What does it look like when artists are asked to try something new?
At what point does ‘sculpture’ become ‘jewellery’? How can the body animate work? Does something designated ‘jewellery’ need to be wearable? What happens when we ask people (the maker/the viewer) to step outside their usual frame of reference for an artwork?
A diverse range of established, mid-career and emerging sculptors were asked these questions and to make a wearable work or piece of jewellery.
Bold, thoughtful & sometimes surprising responses include new work by sculptors Robert Barnstone, Bronwyn Berman, Will Coles, Lynda Draper, Marguerite Derricourt, Harrie Fasher, Jane Gillings, Michael le Grand, Christopher Hodges, Stephen King, Anita Larkin, Lynette Lewis, Peter Lundberg, Fiona Meller, Tom Moore, Ingrid Morley, Virginia Ngalaia Napanangka, Yoshio Nitta, Jenny Pollak, Michael Purdy, James Rogers, Jimmy Rix, Margarita Sampson, Elyssa Sykes- Smith, Marcu Tatton, Marissa Thompson, Walter Jugadai Tjungurrayi & Vince Vozzo.
At what point does ‘sculpture’ become ‘jewellery’?
Is it just a question of application or scale?
Does it need to be wearable?
How can the body animate work?
How can sculpture respond to the body?
Do we need to consider the history/our preconceptions of ‘jewellery’/’art jewellery?’
What does wearable work look like today?
How far can we push materials?
Technology?
What happens to it when it leaves the body?
What happens when we ask people (the maker/ the viewer) to step outside their usual frame of reference for an artwork?

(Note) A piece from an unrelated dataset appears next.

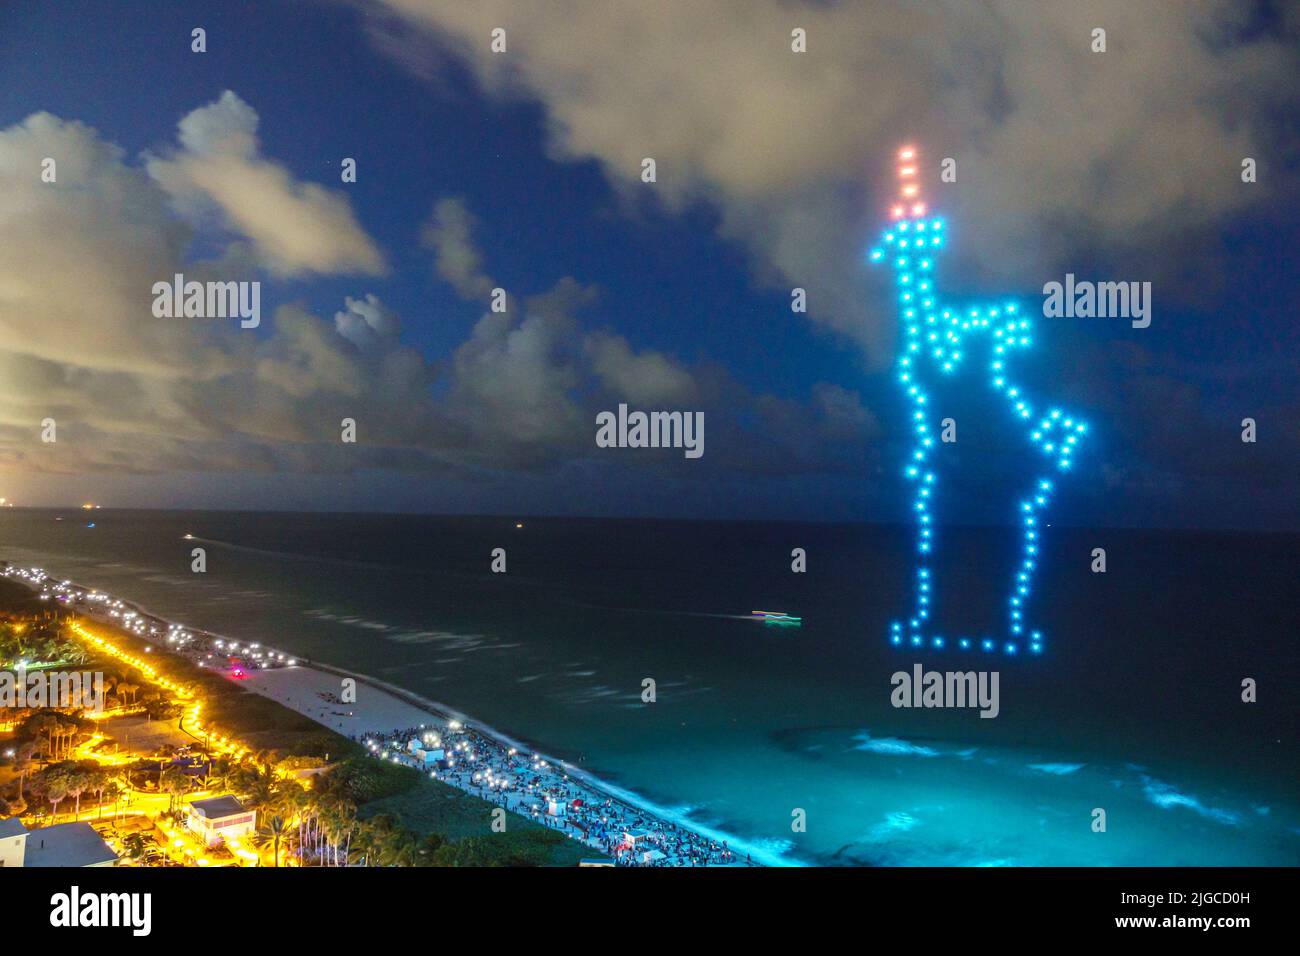 Miami Beach Florida,Ocean Terrace Fire sur le quatrième 4th de juillet Festival célébration de l'événement, drone spectacle de lumière drones formant Statue de la liberté, aérien o Banque D'Images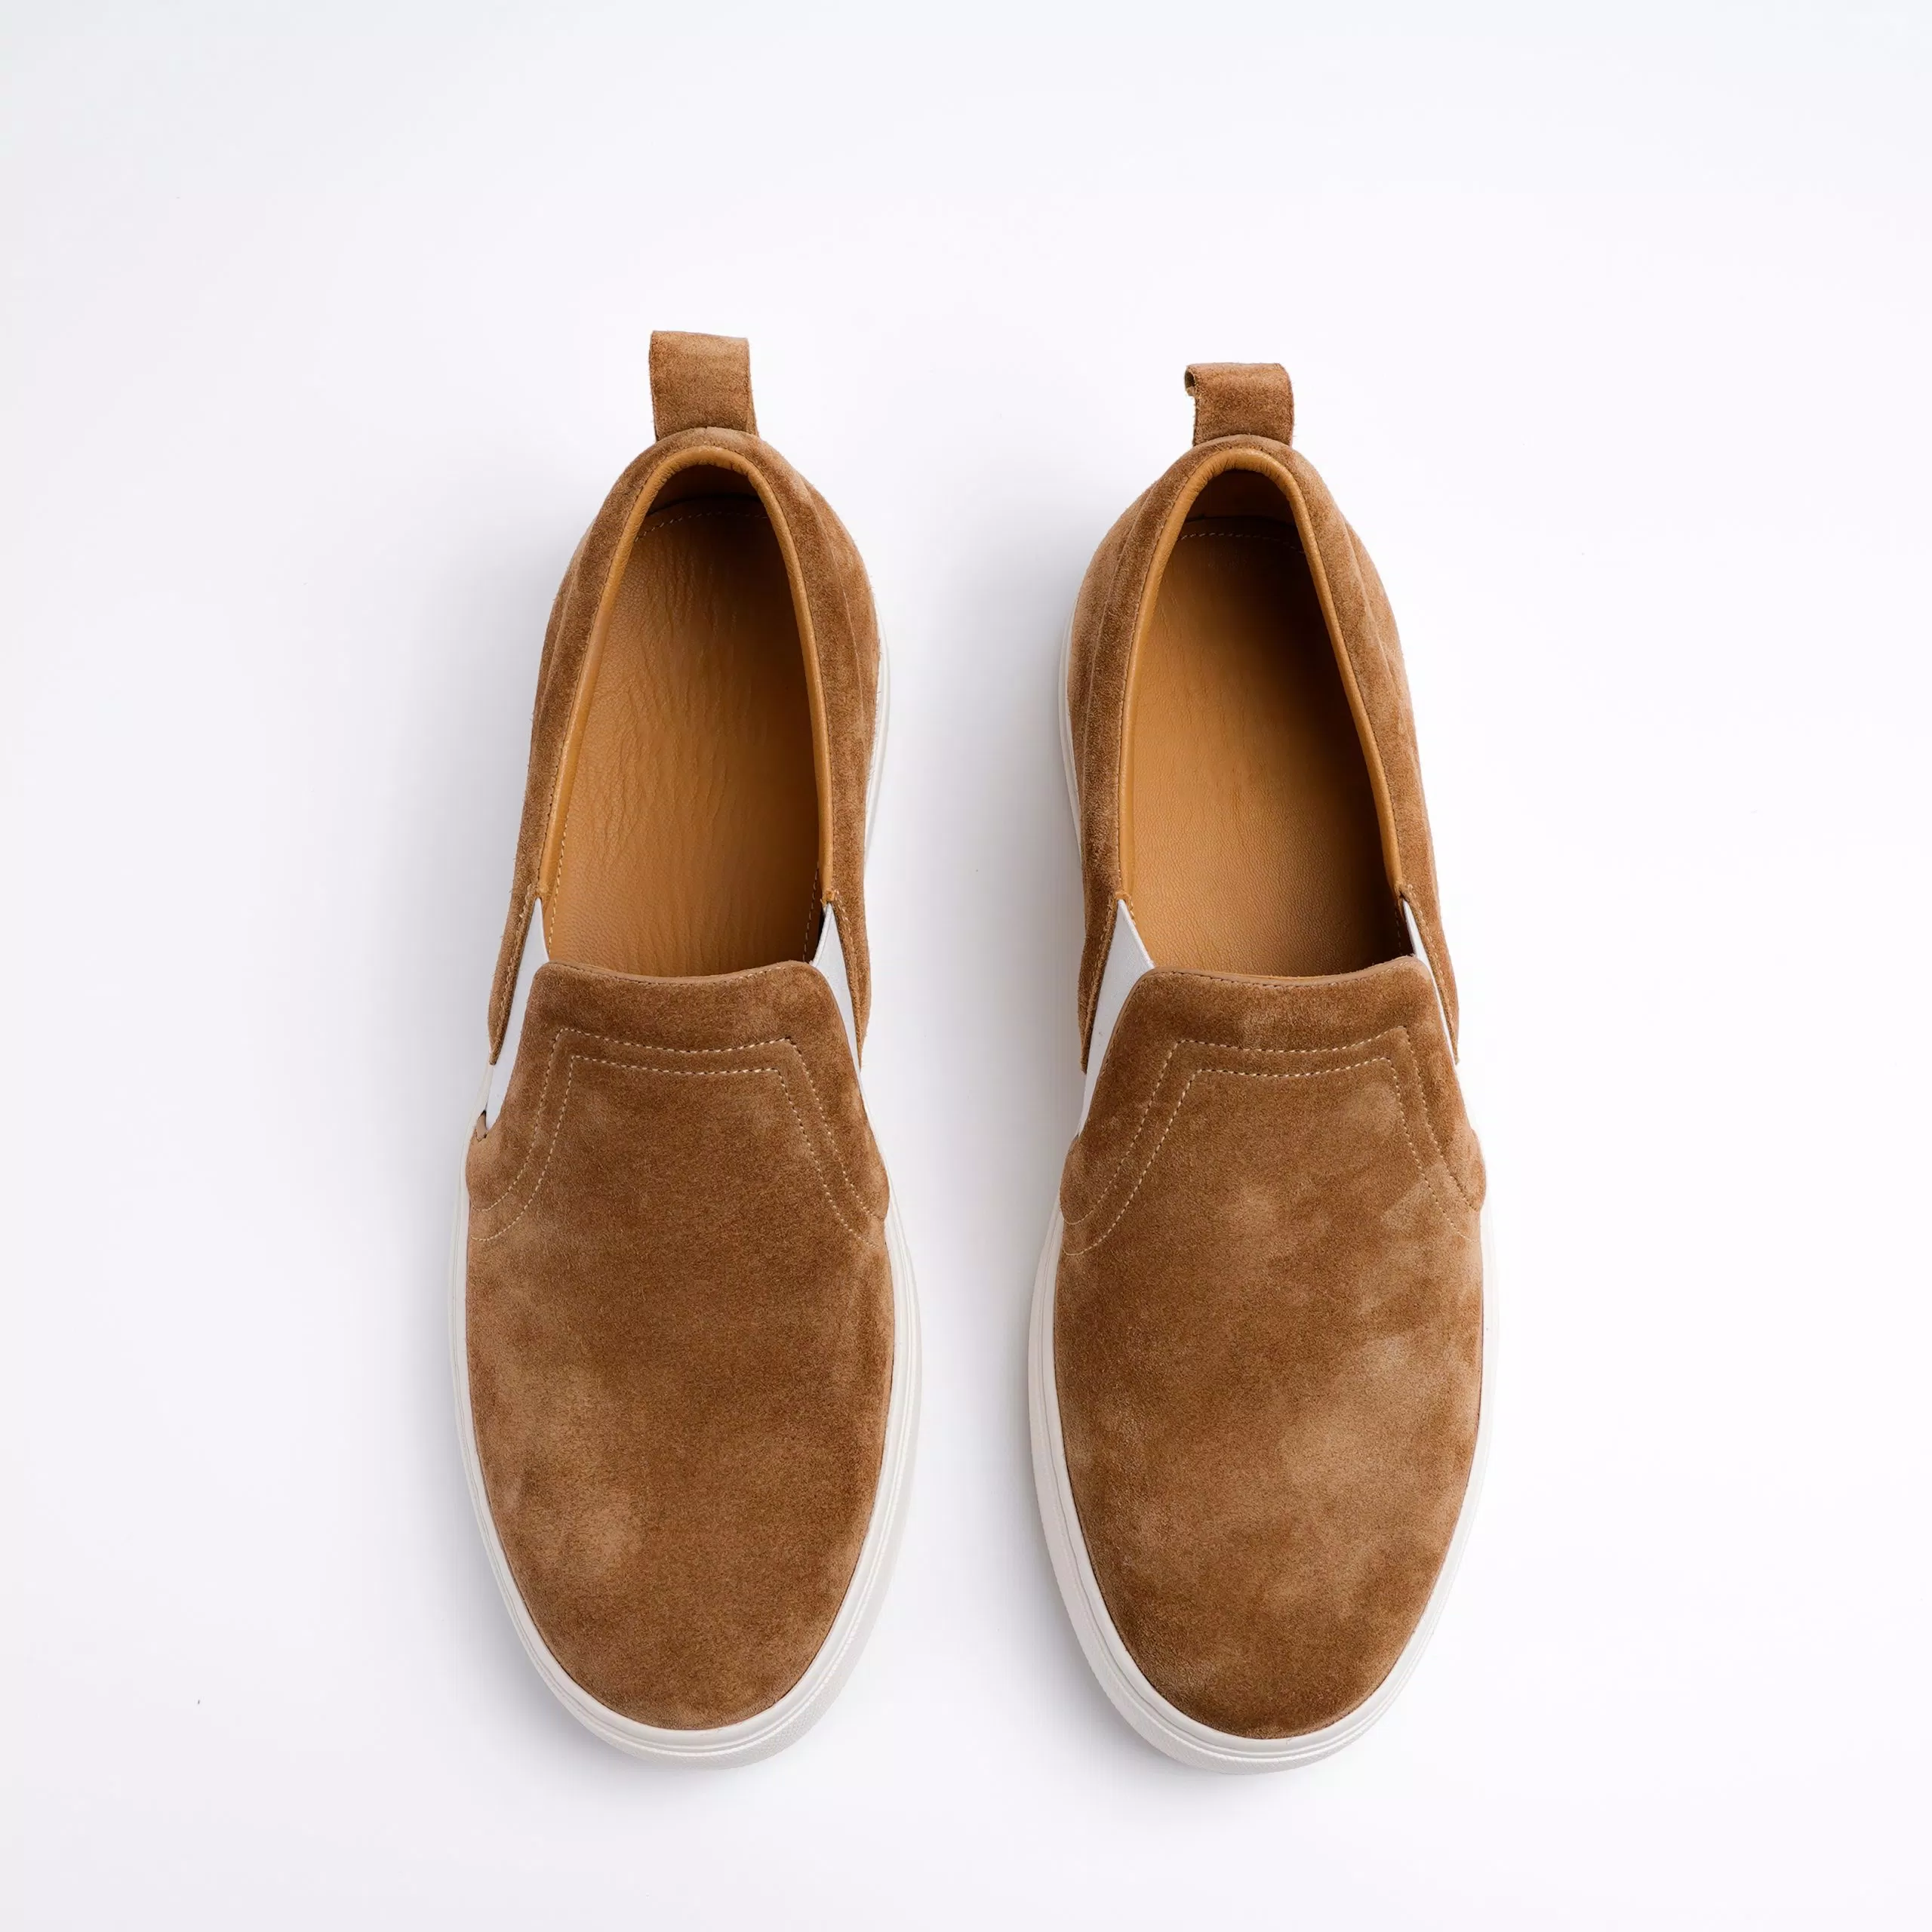 Giày slip-ons đa năng - sự thoải mái và phong cách trong mọi hoàn cảnh (Nguồn: Internet)

For some artists, making work for this show constituted a vast change in scale, from monumental pieces to something that could be held in your hand. For others, it afforded to opportunity to change materials, or to make something more playful than their usual practice. Jenny Pollak began working from her collection of seaweed collected at Mackerel Beach to make temporary tattoos, creating hybrid human-ocean beings, while Tom Moore, best known for his glass mise-en-scenes (most recently in the Adelaide Biennale) featuring a menagerie of animals and potato-man-cars, began working for this show in cast sterling silver for the first time with glass inclusions.
The show packs a punch also: Will Coles’ ‘ Medal for a Drone Pilot (aka the Babykiller)’ comprises of a framed campaign ribbon suspending a golden mini gaming console and is an angry indictment of contemporary warfare. Anita Larkin’s Bullet People (Combatant & Civilian) can be fired from a slingshot which also functions as a necklace.
Anita Larkin says of the experience: “It is an intimate association with the body that I find to be the most intriguing thing about jewellery. Sculpture is often set apart from the viewer in space, it is seen as another entity, another body. Most sculpture is also viewed as a collective experience. Working on a small scale in sculpture causes the viewers body to physically come closer to an artwork, to have a one-on-one conversation. Making a sculpture appear wearable, or actually making it wearable makes this ‘drawing in’ of the viewer even more palpable. We are immediately made more aware of our own physical body.”
This exhibition also includes works by Walter Jugadai Tjungurrayi, Marissa Thompson, Lynette Lewis & Virginia Ngalaia Napanangka via the Indigenous Jewellery Project, run by Emily McCullough Childs, which links contemporary jewellers with Indigenous makers through workshops and Arts Centre visits. Walter Jugadai Tjungurrayi’s work references the practice of wearing Ininti seeds as a male hair adornment, and Virginia Ngalaia Napanangka’s work journals her movement westward, invoking her and her husband’s totemic animals in colourful resin arm-bands cast from clay- the perentic, the honey-ant, the rainbow serpent and the witchetty grub. Lynette Lewis’s work has just been selected for the National Contemporary Jewellery Award.
The curator and artist, Margarita Sampson says ‘I’m passionate about seeing more people wearing art jewellery or wearable artworks. They don’t have to be big. Art jewellery can be subtle, playful or be as bold as you want.
I think the contemporary jewellery scene could be better supported in Australia and it’s vital that we look after our artists and our makers. I’d like this show to be a bit of conduit for people thinking about what makes an ‘artwork’. Wearing work is a wonderful and affordable way to build an art collection by your favourite artists, discover new ones and display your collection. I often wear 3,4, 5 pieces at a time so if you do that, you are immediately taking art to the streets, you are a walking pop-up exhibition!’